Visually, there appears to be a correlation between areas of spiking case rates,
and changes in mask wearing behavior.

Areas wear there are only modest increases, have stable or declining mask
wearing rates.

Let inspect the correlation between changes in case incident rates, and mask
wearing:

```{r echo=FALSE, message=FALSE, warning=FALSE}
# Size of dot = latest case value
latest_cases <- cases %>% filter(time_value == end_date) %>%
mutate(cases_value = value) %>%
select(geo_value,cases_value)
```

```{r echo=FALSE, message=FALSE, warning=FALSE}
cases_by_masks <- cases_diff %>%
inner_join(mask_diff,
by=c("geo_value","time_value"),
suffix=c(".cases",".masks")) %>%
inner_join(state_info, by=c("geo_value")) %>%
inner_join(latest_cases, by=c("geo_value"))
```

```{r echo=FALSE, message=FALSE, warning=FALSE}
cases_scatter_title <- str_interp(paste(
"Regional differences in rates of mask",
"wearing by new cases from ${start_date} to ${end_date}"
))

cases_scatter_plot <- cases_by_masks %>%
ggplot(aes(value.cases, value.masks, color=region.x, label=geo_value)) +
geom_point(aes(size=cases_value)) +
geom_text(aes(label=geo_value),hjust=-0.5, vjust=-0.5, show.legend = FALSE) +
ylab("Mask wearing (%)")+
xlab("Case incidence (multiples)")+
scale_y_continuous(labels = scales::percent) +
scale_x_continuous(labels = function(x) paste0(x, "x")) +
labs(title=cases_scatter_title,size="Cases per 100K", color="Region")+
guides(color = guide_legend(override.aes = list(linetype = 0, size=5))) +
theme_light()

cases_scatter_plot
```

Here we show a regional trend in the southern gulf states of declining mask
wearing rates.

This may be an effect of "pandemic fatigue": in areas where cases aren't
spiking, people may feel more complacent with regard to wearing masks in public.

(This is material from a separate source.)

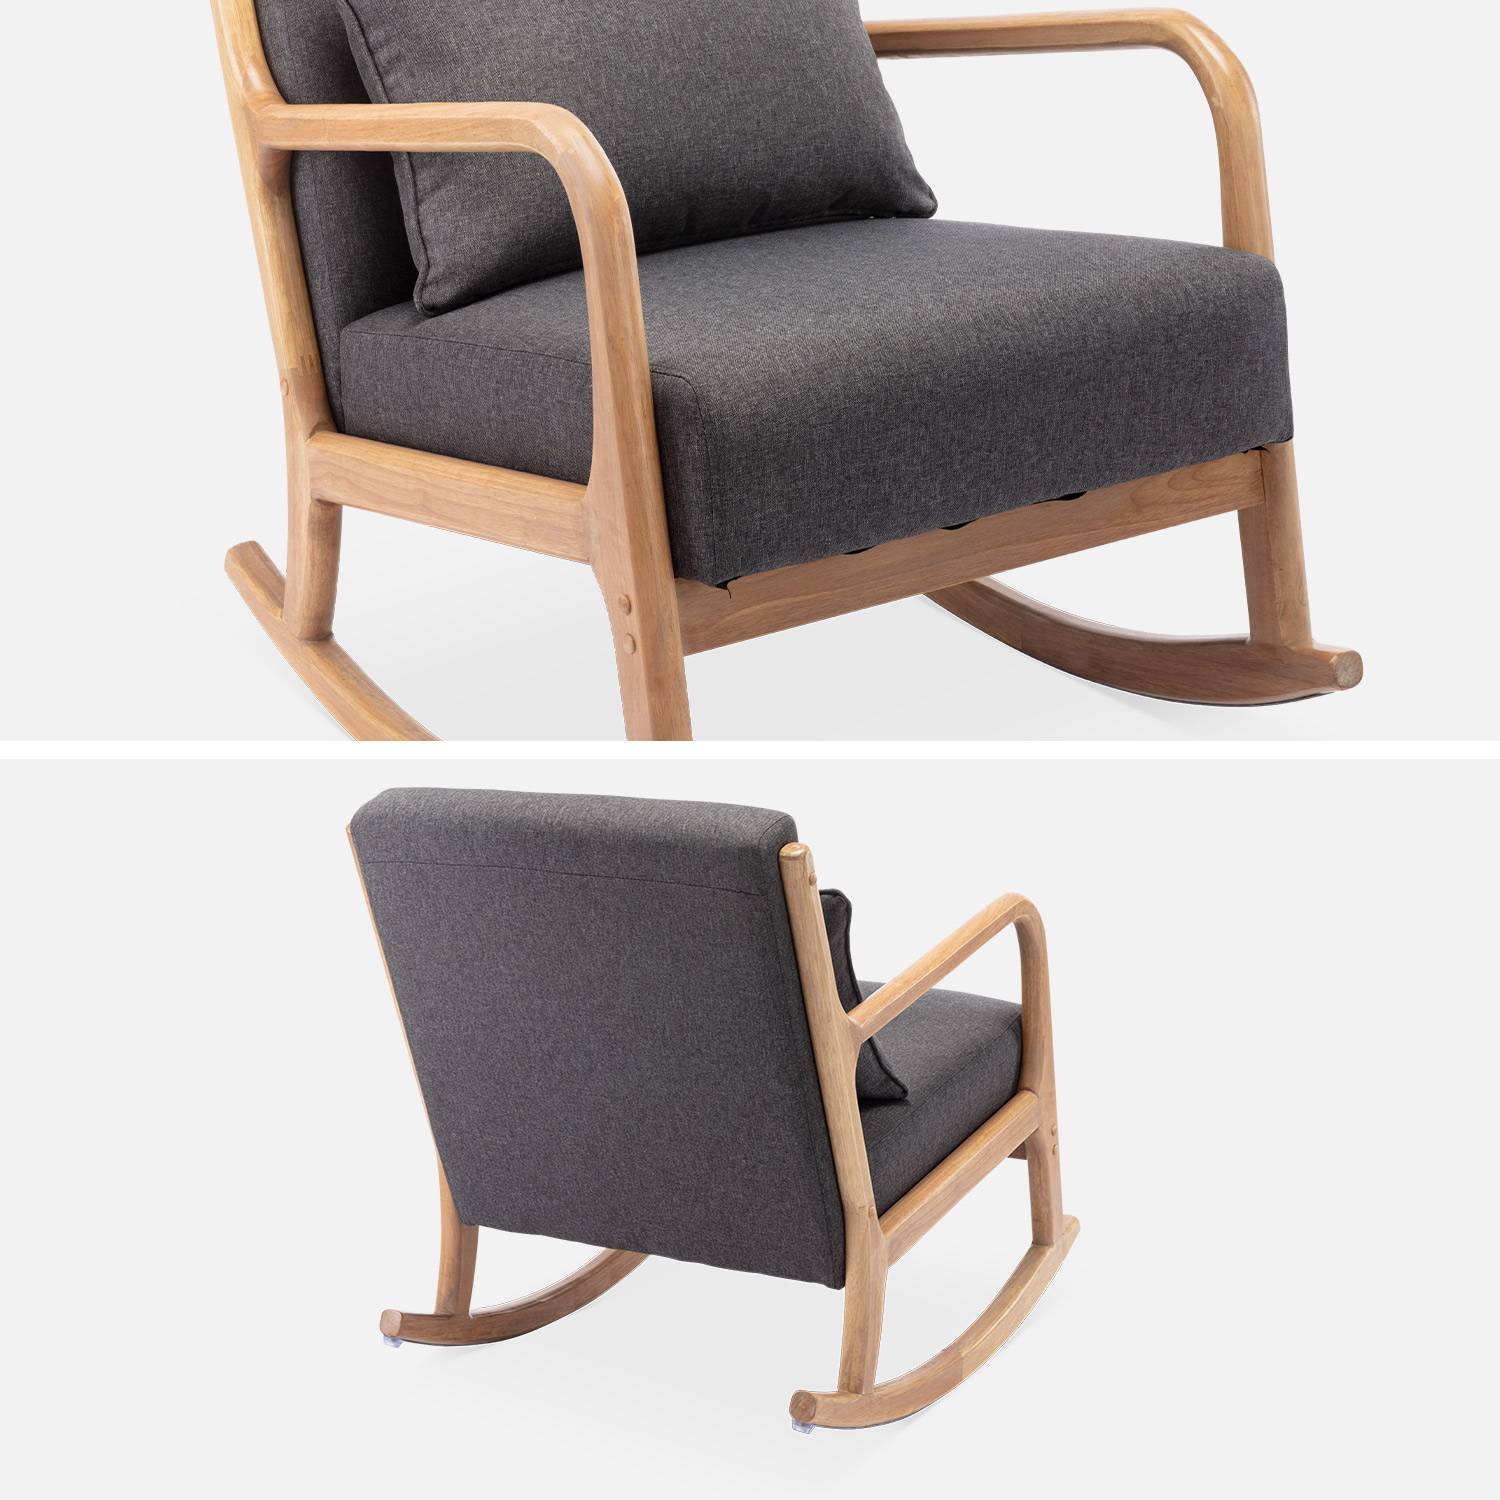 Fauteuil à bascule design en bois et tissu, 1 place, rocking chair scandinave, gris foncé Photo7

This is troubling because this behavior may indicate that these areas are at a
greater risk of spikes compared to areas with increasing mask wearing rates.

## Data used

Data Source | Signal | Description
------------------------|--------------------------------|----------------------
`indicator-combination` |`confirmed_7dav_incidence_prop` | Number of new confirmed COVID-19 cases per 100,000 population, daily
`fb-survey` |`smoothed_wearing_mask` | Estimated percentage of people who wore a mask most or all of the time while in public in the past 5 days; those not in public in the past 5 days are not counted.